Action item
Your answer should be the line containing "Robert Mangold at Lisson" and each line after it through the end of the data below, repeated exactly.
════════════════════
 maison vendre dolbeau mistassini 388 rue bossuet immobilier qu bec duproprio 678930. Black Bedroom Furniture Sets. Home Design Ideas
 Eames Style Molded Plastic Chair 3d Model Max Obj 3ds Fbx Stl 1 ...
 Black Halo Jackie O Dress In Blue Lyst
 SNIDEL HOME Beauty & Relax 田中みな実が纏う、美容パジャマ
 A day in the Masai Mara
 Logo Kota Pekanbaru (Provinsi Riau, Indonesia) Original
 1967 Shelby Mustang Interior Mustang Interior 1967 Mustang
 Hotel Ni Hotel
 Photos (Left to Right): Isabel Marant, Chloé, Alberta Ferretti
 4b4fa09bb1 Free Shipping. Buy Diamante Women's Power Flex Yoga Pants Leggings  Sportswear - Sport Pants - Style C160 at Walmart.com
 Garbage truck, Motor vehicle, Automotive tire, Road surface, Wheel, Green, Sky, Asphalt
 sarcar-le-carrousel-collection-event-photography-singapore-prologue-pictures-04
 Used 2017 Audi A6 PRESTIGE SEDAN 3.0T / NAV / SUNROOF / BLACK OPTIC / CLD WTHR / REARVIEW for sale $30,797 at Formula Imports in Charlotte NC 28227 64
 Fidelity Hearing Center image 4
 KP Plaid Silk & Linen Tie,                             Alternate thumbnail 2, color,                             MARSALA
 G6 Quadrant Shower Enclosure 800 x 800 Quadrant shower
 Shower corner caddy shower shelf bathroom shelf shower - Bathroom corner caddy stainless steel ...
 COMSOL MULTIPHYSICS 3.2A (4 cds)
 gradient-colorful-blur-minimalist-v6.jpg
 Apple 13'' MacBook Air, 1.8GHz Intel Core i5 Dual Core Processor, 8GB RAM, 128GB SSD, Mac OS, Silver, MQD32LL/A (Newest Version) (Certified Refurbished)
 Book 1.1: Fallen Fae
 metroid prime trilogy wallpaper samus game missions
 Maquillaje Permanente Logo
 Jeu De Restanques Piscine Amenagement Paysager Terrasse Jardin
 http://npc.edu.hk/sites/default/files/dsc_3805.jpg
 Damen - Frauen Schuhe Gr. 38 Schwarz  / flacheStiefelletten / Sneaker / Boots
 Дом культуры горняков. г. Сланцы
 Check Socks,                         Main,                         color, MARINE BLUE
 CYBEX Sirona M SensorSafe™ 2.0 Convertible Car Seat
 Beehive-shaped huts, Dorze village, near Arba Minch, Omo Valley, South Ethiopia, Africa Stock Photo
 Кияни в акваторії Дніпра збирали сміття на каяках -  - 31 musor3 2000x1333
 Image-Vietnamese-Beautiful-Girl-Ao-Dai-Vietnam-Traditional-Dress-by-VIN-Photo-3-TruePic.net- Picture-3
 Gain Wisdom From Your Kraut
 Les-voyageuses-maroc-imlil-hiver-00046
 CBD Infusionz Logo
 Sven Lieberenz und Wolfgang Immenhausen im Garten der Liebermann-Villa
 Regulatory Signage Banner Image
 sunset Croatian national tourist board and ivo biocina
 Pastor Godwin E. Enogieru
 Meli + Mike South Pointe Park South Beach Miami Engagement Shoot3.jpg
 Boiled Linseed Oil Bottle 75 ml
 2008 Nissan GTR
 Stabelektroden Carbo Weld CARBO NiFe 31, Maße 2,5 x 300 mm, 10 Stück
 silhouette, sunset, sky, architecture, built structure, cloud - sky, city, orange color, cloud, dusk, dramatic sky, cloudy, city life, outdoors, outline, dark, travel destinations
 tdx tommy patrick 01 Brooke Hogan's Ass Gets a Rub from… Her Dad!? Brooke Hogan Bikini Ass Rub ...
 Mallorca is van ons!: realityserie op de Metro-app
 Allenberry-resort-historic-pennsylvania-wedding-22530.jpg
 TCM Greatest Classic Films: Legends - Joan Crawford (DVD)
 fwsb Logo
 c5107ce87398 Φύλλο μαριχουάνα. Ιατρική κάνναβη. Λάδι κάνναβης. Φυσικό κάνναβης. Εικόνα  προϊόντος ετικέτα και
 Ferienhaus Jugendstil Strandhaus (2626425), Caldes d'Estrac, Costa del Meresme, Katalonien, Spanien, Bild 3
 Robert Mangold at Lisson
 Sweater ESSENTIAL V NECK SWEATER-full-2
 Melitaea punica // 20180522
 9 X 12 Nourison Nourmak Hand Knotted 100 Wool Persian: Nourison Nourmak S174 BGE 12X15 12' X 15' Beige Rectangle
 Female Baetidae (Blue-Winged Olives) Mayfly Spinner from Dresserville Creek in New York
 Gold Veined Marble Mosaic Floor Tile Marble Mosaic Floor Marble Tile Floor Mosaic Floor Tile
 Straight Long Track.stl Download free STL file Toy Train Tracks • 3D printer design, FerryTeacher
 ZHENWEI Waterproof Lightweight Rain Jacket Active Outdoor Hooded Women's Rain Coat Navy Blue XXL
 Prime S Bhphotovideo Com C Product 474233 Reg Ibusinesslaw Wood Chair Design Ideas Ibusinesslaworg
════════════════════
Task result
 Robert Mangold at Lisson
 Sweater ESSENTIAL V NECK SWEATER-full-2
 Melitaea punica // 20180522
 9 X 12 Nourison Nourmak Hand Knotted 100 Wool Persian: Nourison Nourmak S174 BGE 12X15 12' X 15' Beige Rectangle
 Female Baetidae (Blue-Winged Olives) Mayfly Spinner from Dresserville Creek in New York
 Gold Veined Marble Mosaic Floor Tile Marble Mosaic Floor Marble Tile Floor Mosaic Floor Tile
 Straight Long Track.stl Download free STL file Toy Train Tracks • 3D printer design, FerryTeacher
 ZHENWEI Waterproof Lightweight Rain Jacket Active Outdoor Hooded Women's Rain Coat Navy Blue XXL
 Prime S Bhphotovideo Com C Product 474233 Reg Ibusinesslaw Wood Chair Design Ideas Ibusinesslaworg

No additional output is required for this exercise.